Onyango is among the outstanding head teachers in the region who saved a once powerful academic power house from collapse. The retired head teacher’s legacy as the best Geography teacher at Gulu High School still lives on to date. Onyango’s 16-year triumph in administration at Gulu High School was no easy feat considering the state in which he found the school, but team work and good decision making saw him turn around the school into one of the best in the region.

Rude welcome
“My first visit to the school to take on the administration in 1986 was a nightmare. I wondered whether it was a market or a school,” he reminisces.
“There was no difference between lunch break and class hours since students were always loitering in the school compound,” he adds.
Onyango says strikes were a common happening at the school. Teachers taught at their own will. All these made him contemplate declining the position, prompting him to write a resignation letter to the chief administration officer (CAO). But the CAO convinced him to try out for a year.
Onyango devised a formula for turning around the school based on three principles - team work, firm decision making, and regular discussions with students, teachers and support staff.
He says although the school board was not comfortable with some of the decisions he came out with, he often stood by his word, which brought in a lot of tremendous changes.
“Every week, we would gather with the students and the teachers to discuss the gaps in the administration and teaching and before the end of Term One, normalcy had returned to the school,” Onyango says, adding that the teachers and the students started putting in efforts to study.

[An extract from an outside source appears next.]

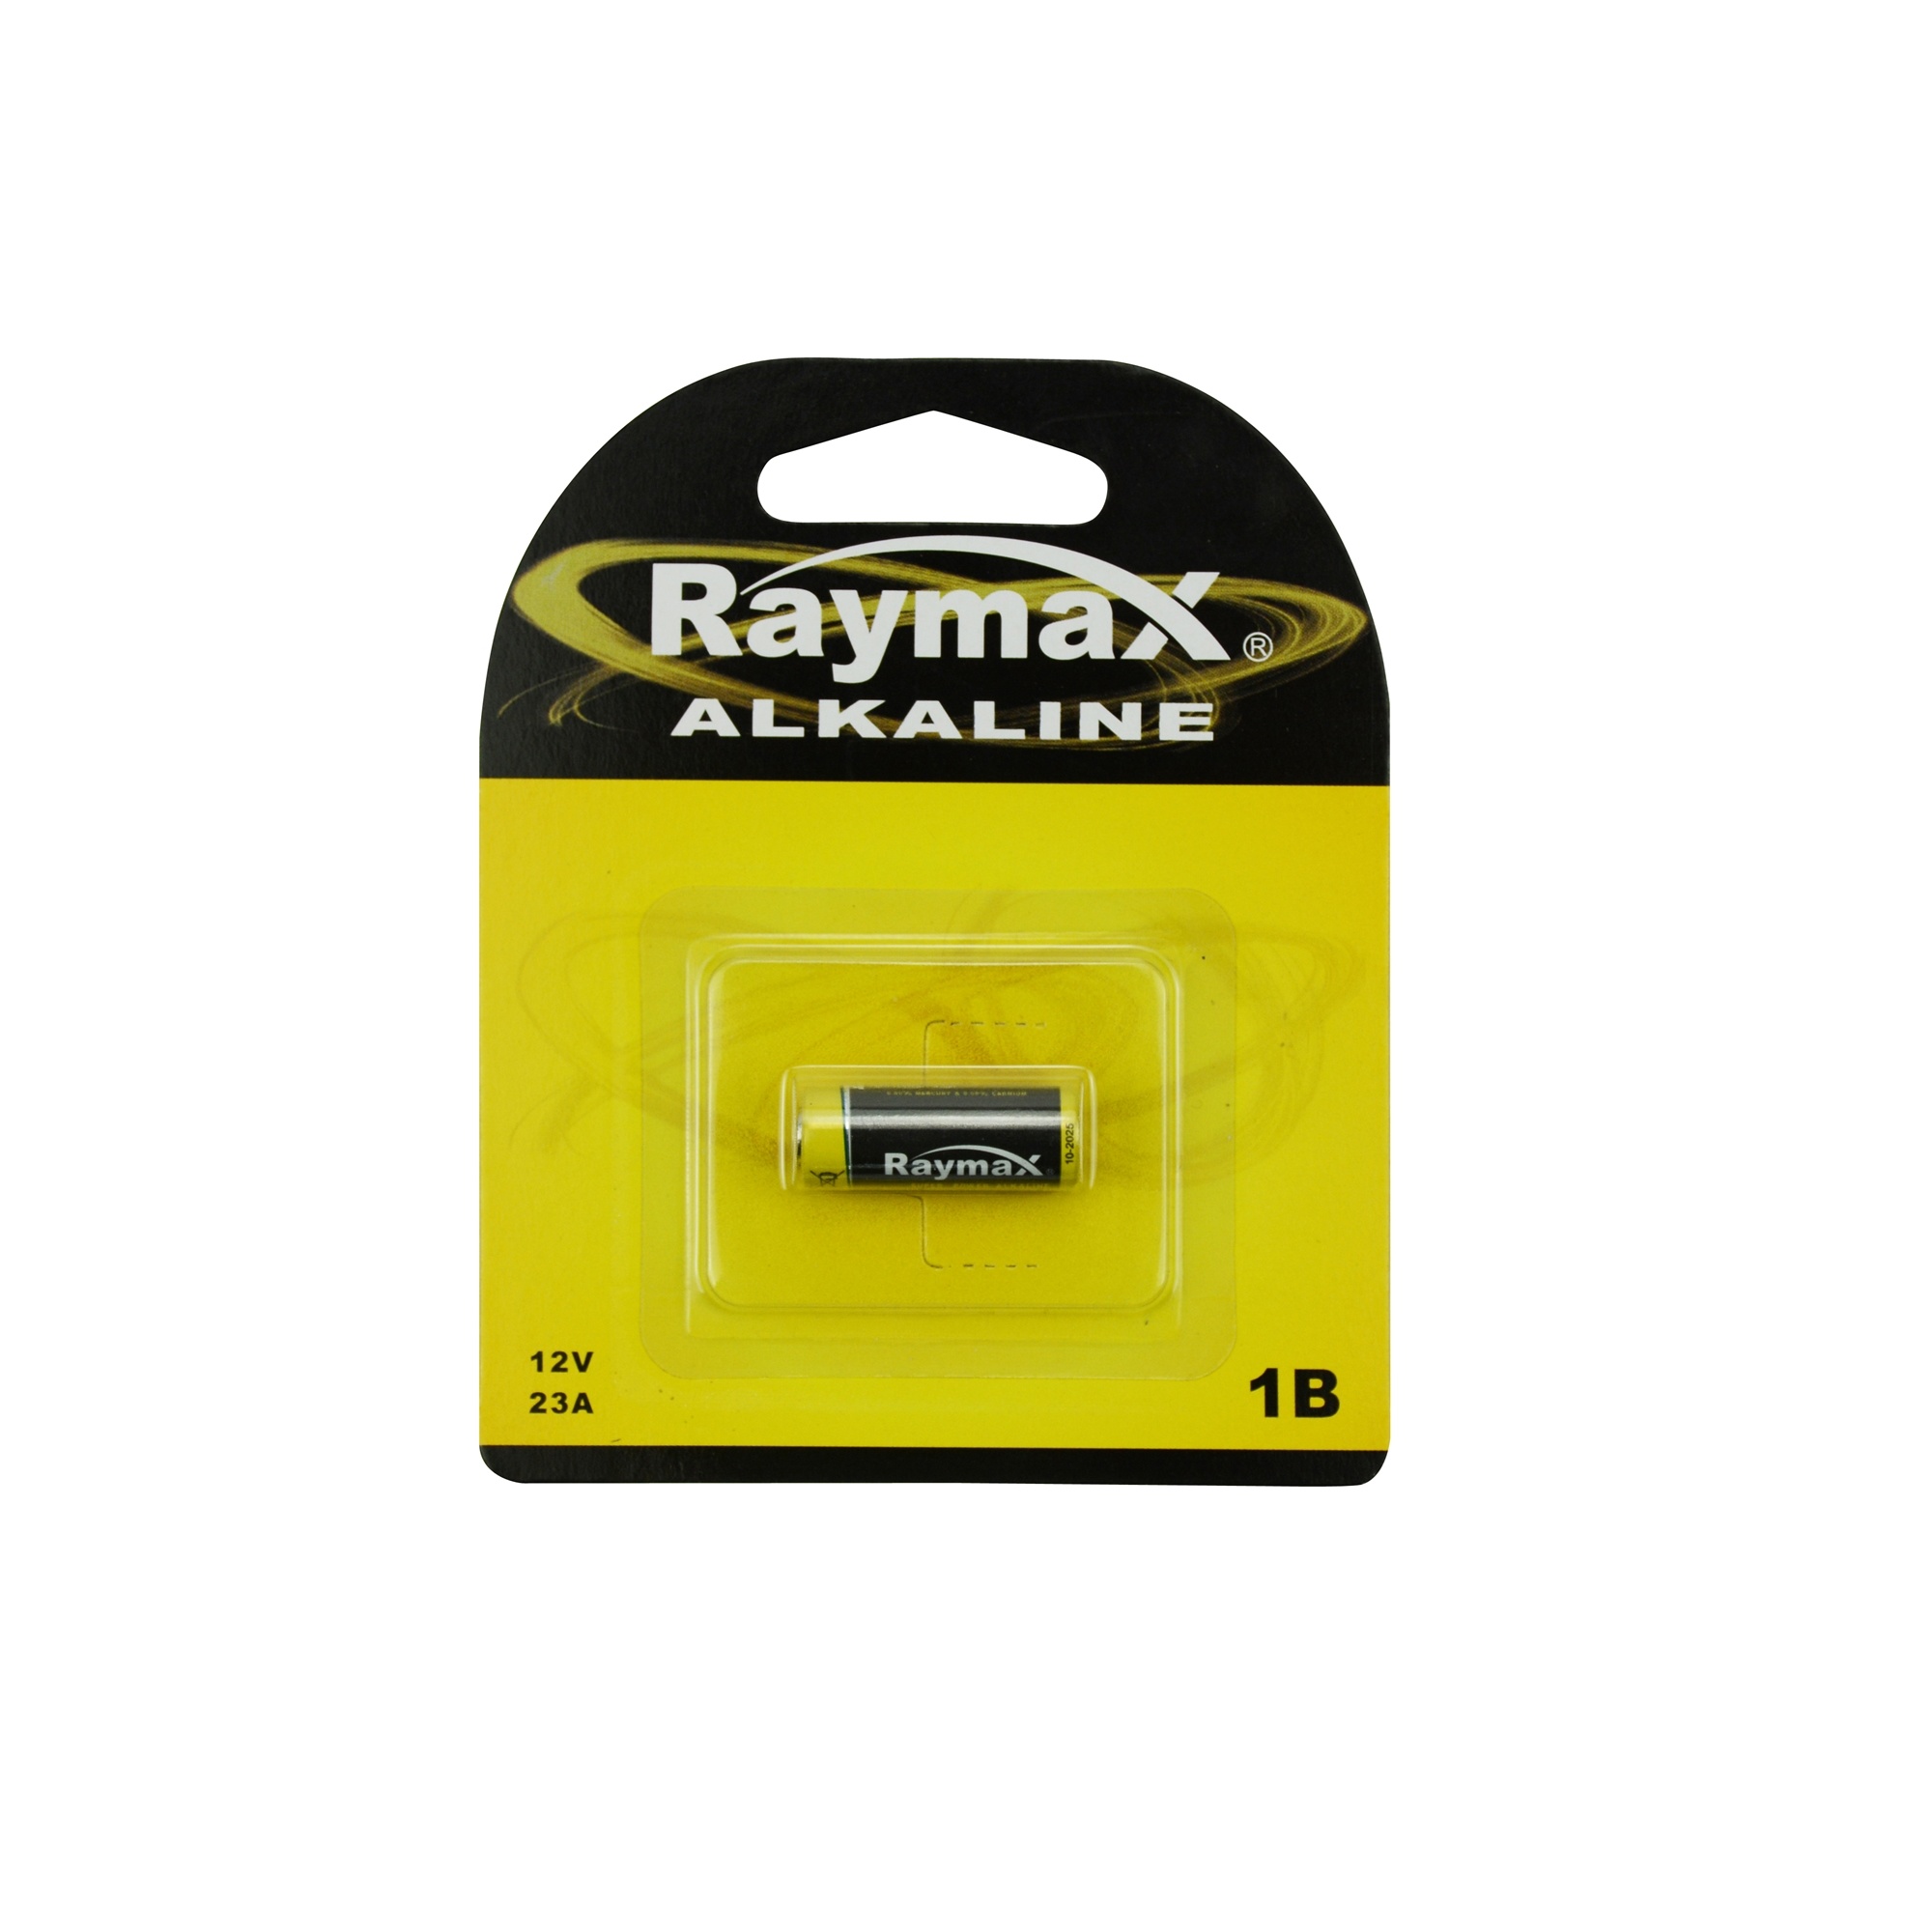 Odysseus pomp aanvaardbaar Raymax Alkaline Batterij - 23A -12 Volt kopen? Bestel online - 2Cheap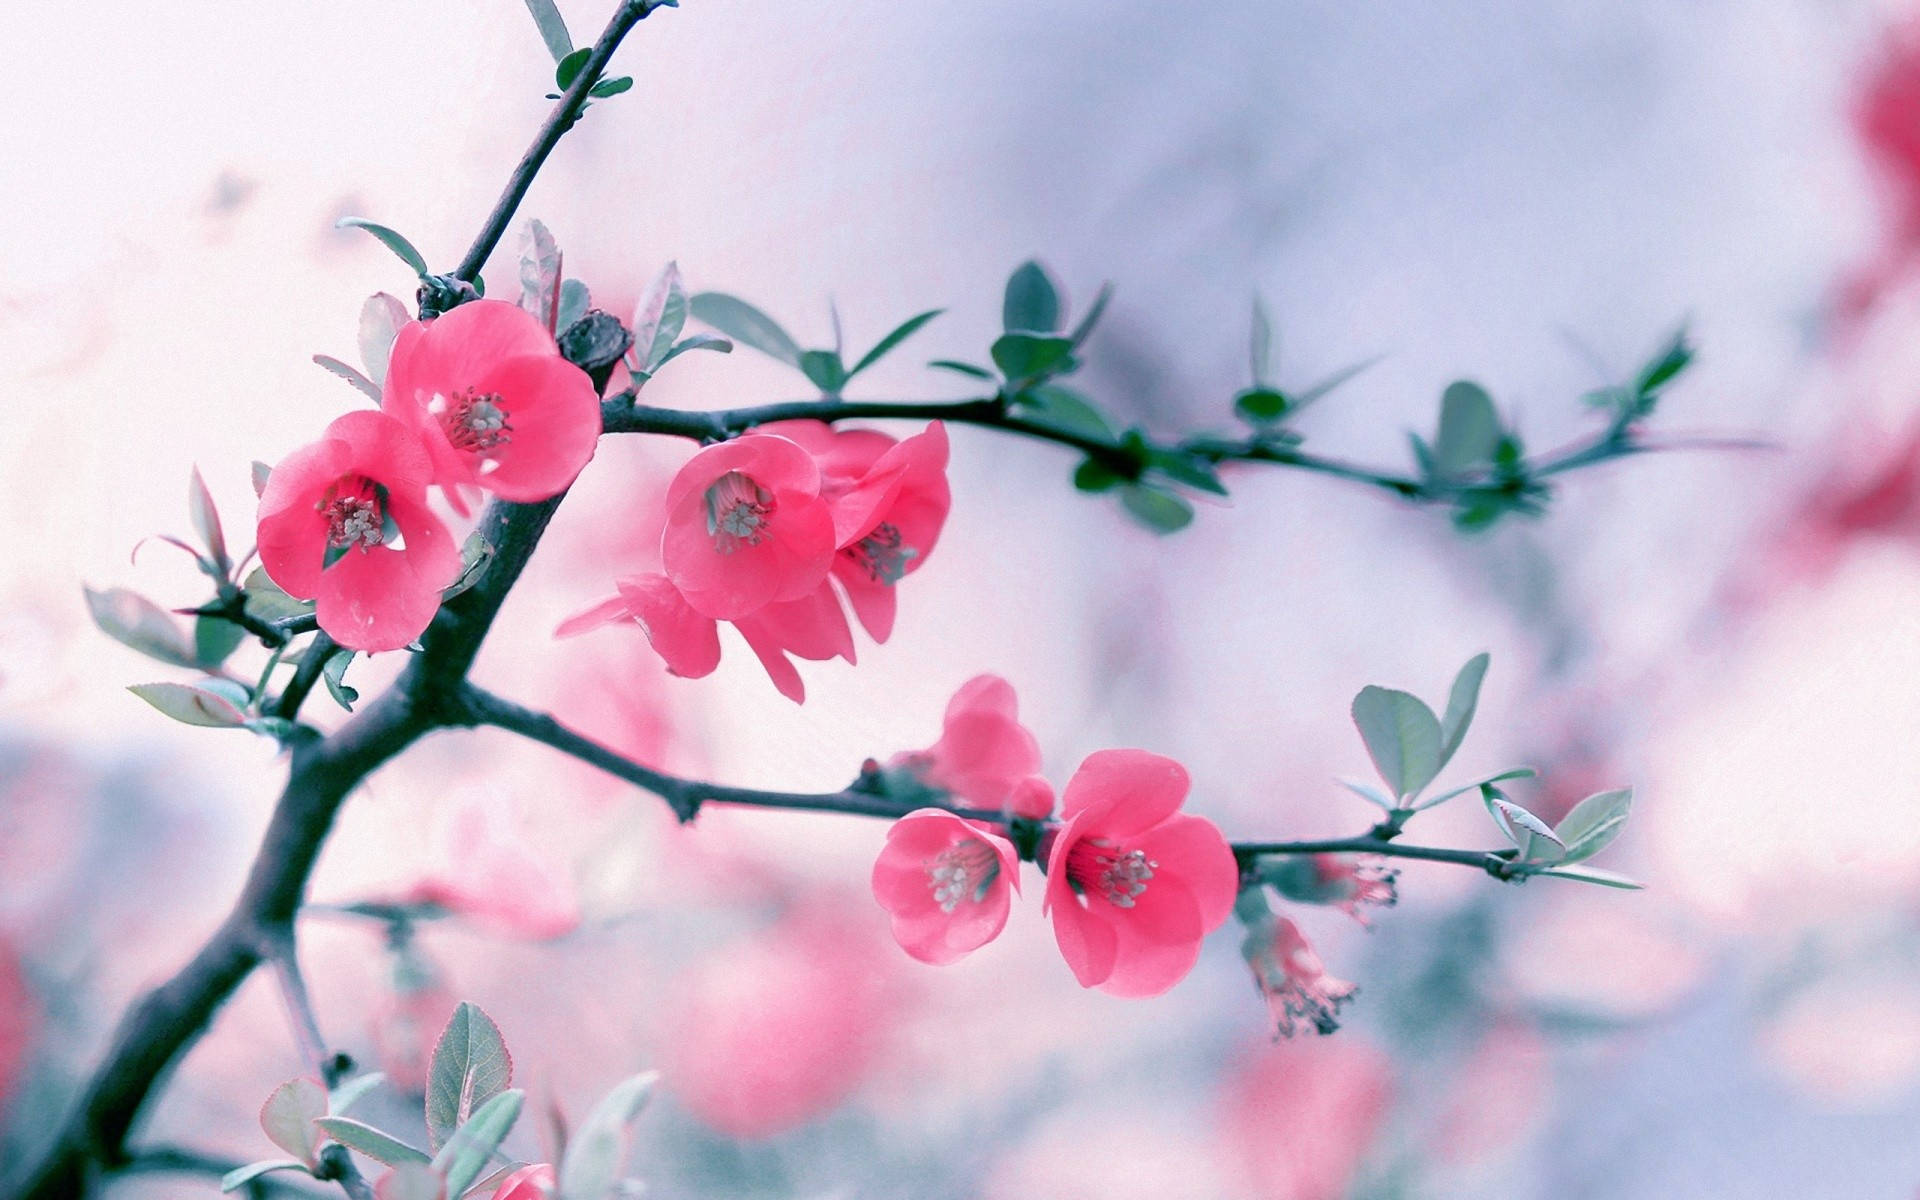 Flower Hd Pink Cherry Blossoms Wallpaper

This greatly improved the academic ratings of the school, which had spent several years without a First Grade.
“In my first year of leadership, the school managed to attain six First Grades in the O-Level examinations and by the time of my retirement in 2002, we got 50 first grades,” Onyango boasts.

His teaching journey

Onyango’s teaching journey started at Kitgum High School where he taught Mathematics and Geography after completing a diploma course in Education from Kyambogo National Teachers College in 1968. He taught here for three years and joined Makerere University for a Bachelor’s Degree in Science.
In 1975, he went back to Kitgum High School where he taught only Geography at both O and A levels. He was later appointed acting head teacher for a year at YY Okot Memorial Girls Wing and Kitgum High School Boys Wing in 1980.
In 1981, he was transferred to Sir Samuel Baker School in Gulu as a deputy head teacher for one year before being posted back to Kitgum High School as head teacher from 1982- 1984. In 1984, he was posted to Pabbo Secondary School but after two years of excellent performance, he was transferred back to Gulu High School.

About Gulu High School

Start. The school was built in 1964 by the missionaries of Church Missionary Society after they had established the Diocese of Northern Uganda in 1961.
Type. It is an Anglican faith-based school under the Church of Uganda. The school also provides education to the visually impaired students at both O-Level and A-Level.